The constraint let0 c is a toplevel constraint, which means that it can be passed as an argument to solve.

val letr1 : int -> tevar -> ( variables -> variable -> 'a co ) -> 'b co -> (tyvars * scheme * 'a * 'b) co

letr1 is a more general form of the combinator let1. It takes an integer parameter k and binds k rigid type variables βs in the left-hand constraint. Like let1, it also binds a type variable α in the left-hand constraint. Thus, c1 is a function of βs and α to a constraint. On paper, we write let x = Rβs.λα.c1(βs)(α) in c2.

This constraint requires ∀βs.∃α.c1(α) to be satisfied. This is required even if the term variable x is not used in c2. Thus, the variables βs are regarded as rigid while c1 is solved.

Then, while solving c2, the term variable x is bound to the constraint abstraction λα.∃βs.c1(βs)(α). In other words, inside c2, an instantiation constraint of the form x(α') is logically equivalent to ∃βs.c1(βs)(α'). At this stage, the variables βs are no longer treated as rigid, and can be instantiated.

The combinator letr1 helps deal with programming language constructs where one or more rigid variables are explicitly introduced, such as let id (type a) (x : a) : a = x in id 0 in OCaml. In this example, the type variable a must be treated as rigid while type-checking the left-hand side; then, the term variable id must receive the scheme ∀a.a → a, where a is no longer regarded as rigid, so this scheme can be instantiated to int → int while type-checking the right-hand side.

val letrn : int -> tevars -> ( variables -> variables -> 'a co ) -> 'b co -> (tyvars * schemes * 'a * 'b) co

letrn subsumes let1, letr1, and letrn.

Like letr1, it takes an integer parameter k and binds k rigid type variables βs in the left-hand constraint.

Like letn, it takes a list xs of term variables and binds a corresponding list αs of type variables in the left-hand constraint.

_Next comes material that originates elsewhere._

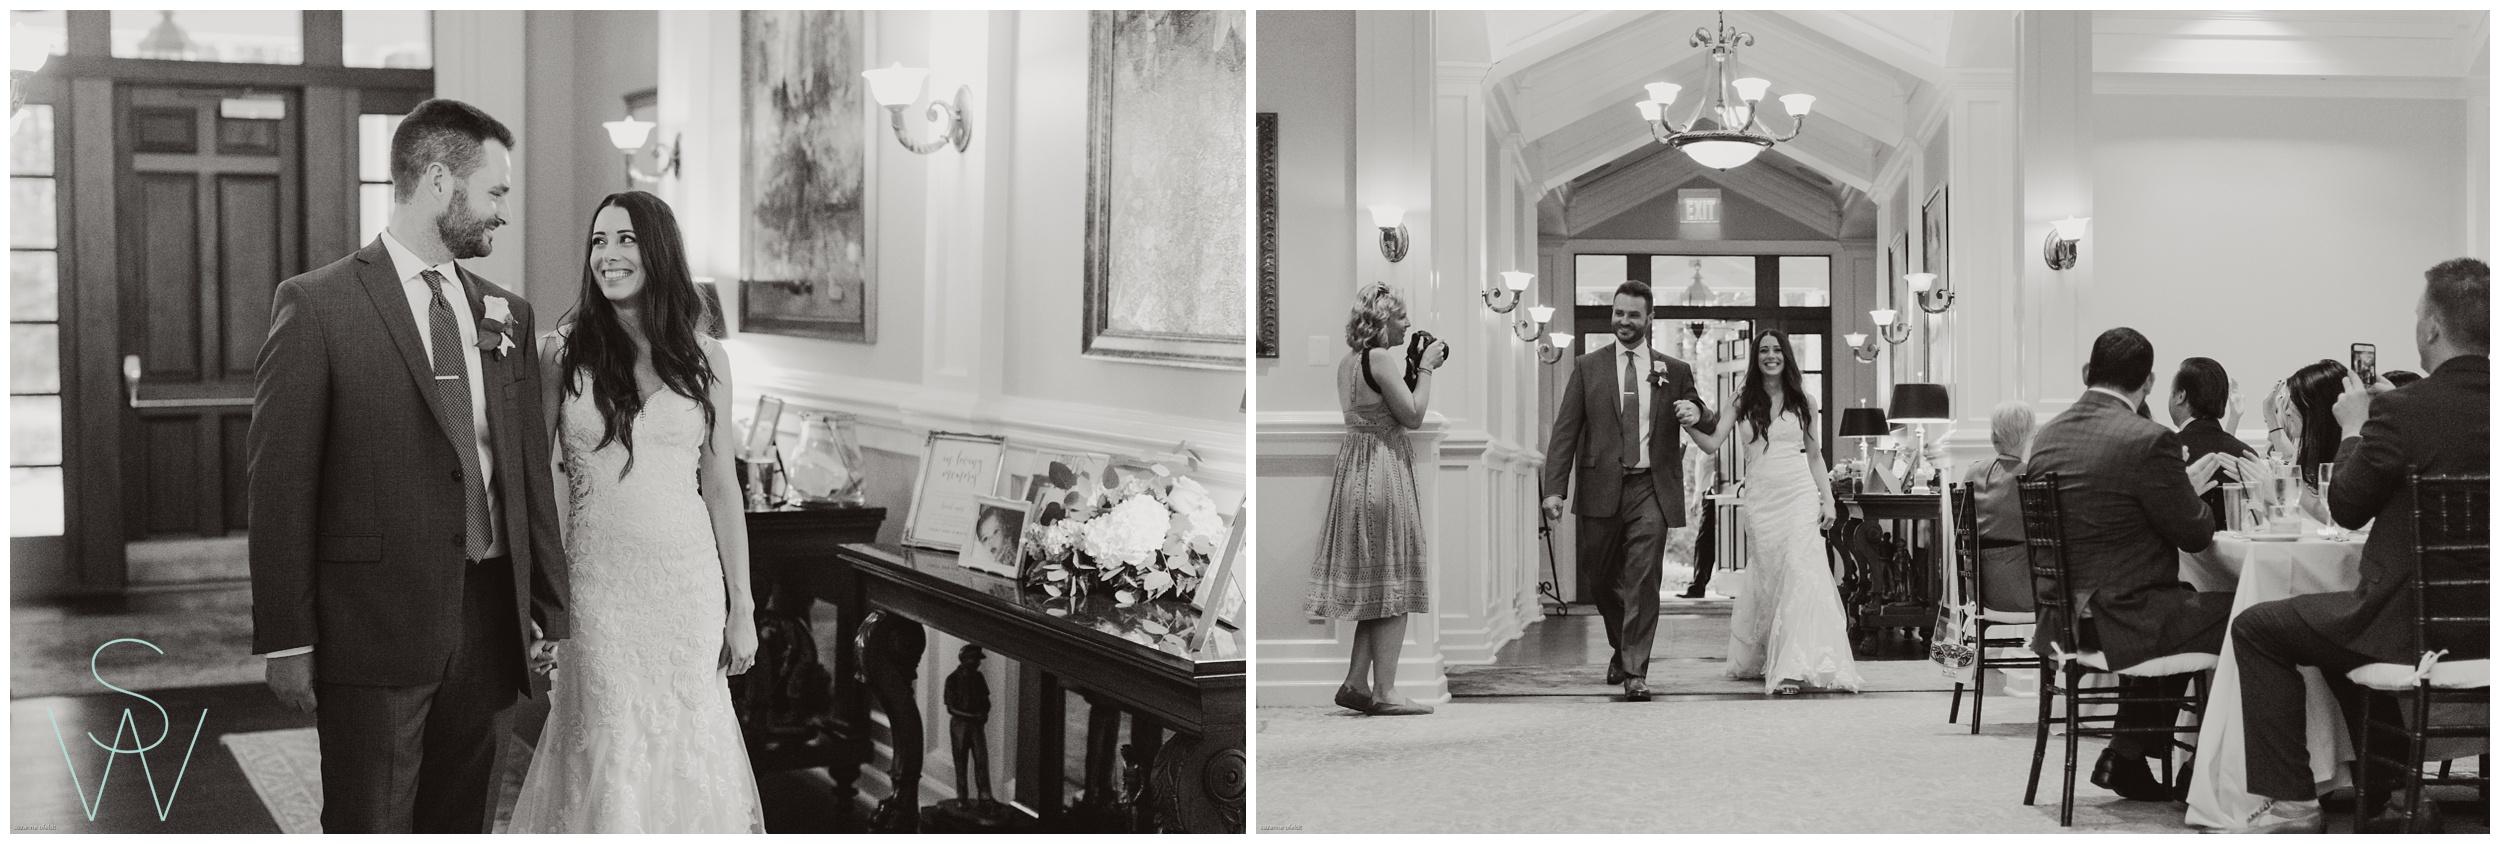 san.diego.wedding.photography_0175.jpg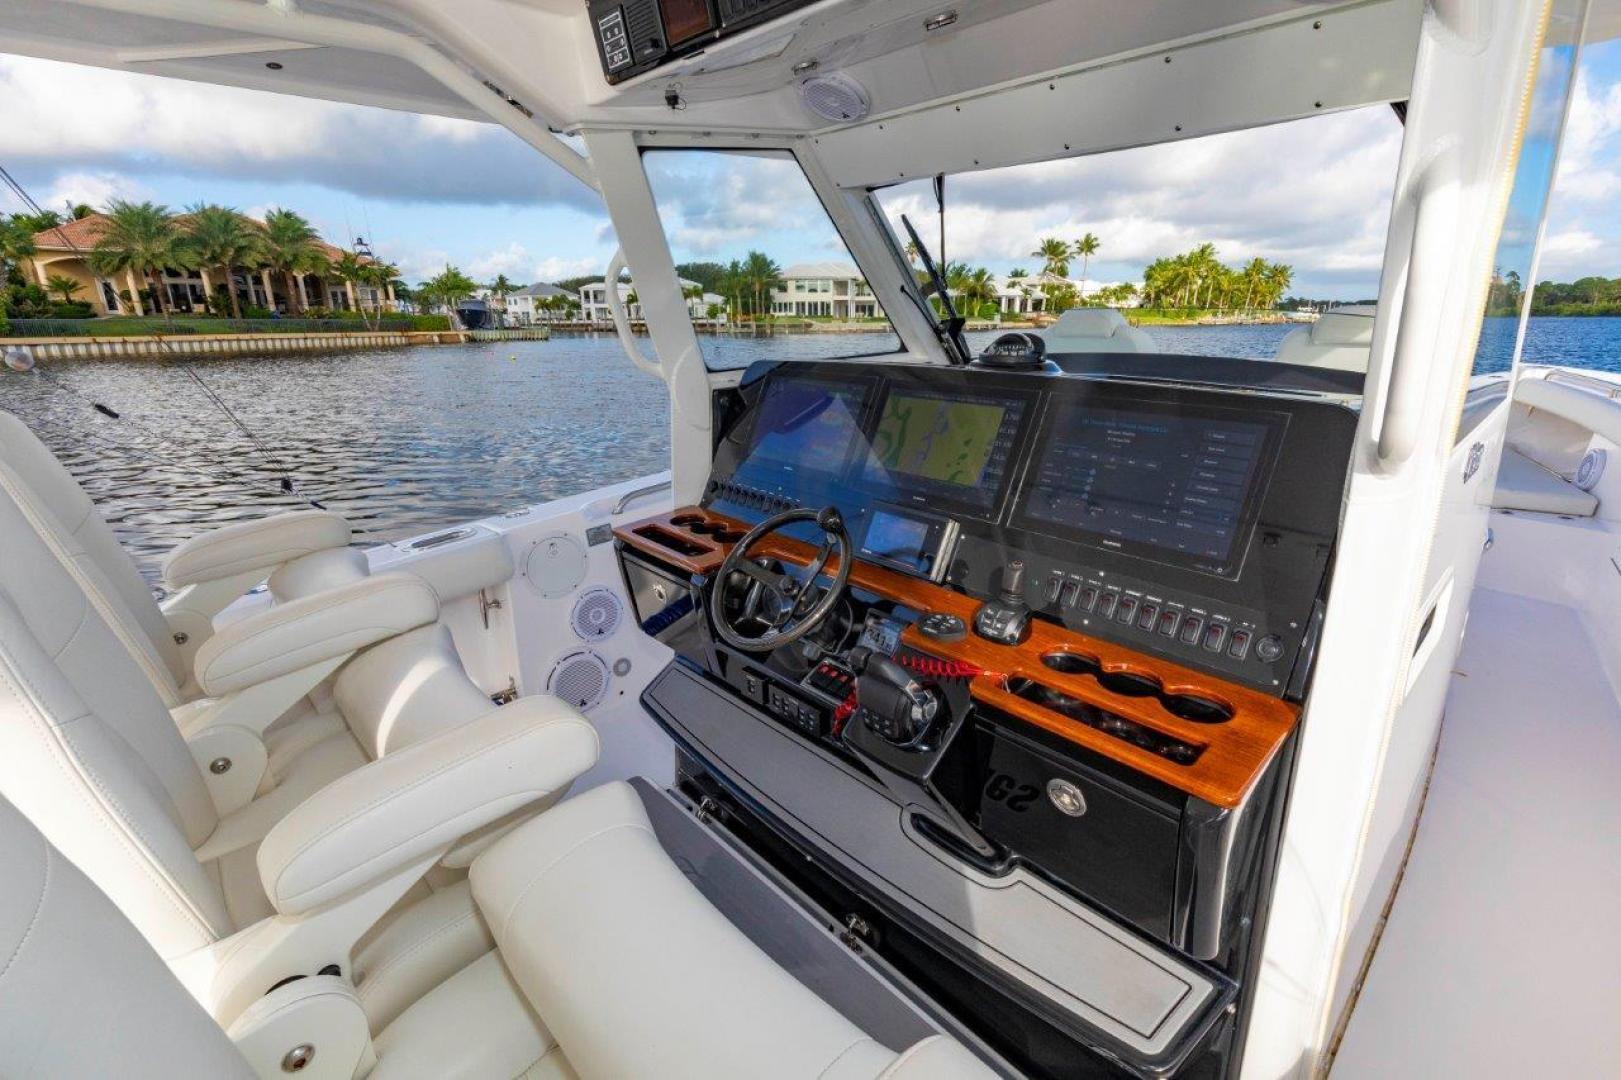 Everglades-435 Center Console 2019-Bahama Papa Palm Beach Gardens-Florida-United States-Console-1570493 | Thumbnail

On paper, we write let xs = Rβs.λαs.c1(βs)(αs) in c2 for the constraint that it constructs.

The type range describes a range in some source code. It is not interpreted by the solver. It is used only as part of error reports.

val correlate : range -> 'a co -> 'a co

The constraint correlate range c is equivalent to c, but records that this constraint is correlated with the range range in the source code. This information is used in error reports. The exceptions Unbound, Unify, Cycle, and VariableScopeEscape carry a range: it is the nearest range that encloses the abstract syntax tree node where the error is detected.

Solving Constraints

exception Unbound of range * tevar

This exception is raised by solve when an instantiation constraint instance x α refers to an unbound variable x.

exception Unify of range * O.ty * O.ty

This exception is raised by solve when an equality constraint cannot be satisfied. It carries two decoded types, representing the equality constraint that could not be satisfied.

exception Cycle of range * O.ty

This exception is raised by solve when a cyclic equality constraint is detected, if rectypes is false. It carries a decoded type, which is a recursive type: that is, this type involves a μ binder.

exception VariableScopeEscape of range

This exception is raised by solve when a rigid variable escapes its scope, that is, roughly speaking, when one attempts to unify a rigid variable with a more ancient flexible variable. For example, attempting to solve the constraints ∃α. ∀β. α = β or ∃α. ∀β. ∃γ. α = β → γ causes this exception to be raised.

val solve : rectypes:bool -> 'a co -> 'a

solve ~rectypes c determines whether the constraint c is satisfiable, and if so, computes and returns its semantic value. (The constraint c must be closed, so it is satisfiable if and only if it is valid.) If c is ill-formed or unsatisfiable, one of the exceptions Unbound, Unify, and Cycle is raised. The parameter rectypes determines whether solutions that involve recursive types are permitted; Cycle can be raised only when rectypes is false.

The constraint c must be a toplevel constraint. This means that every (binding or free) occurrence of a type variable must be wrapped in let0 or in the left-hand side of let1 or its variants (letr1, letn, letrn). To turn an arbitrary constraint c into a toplevel constraint, just write let0 c.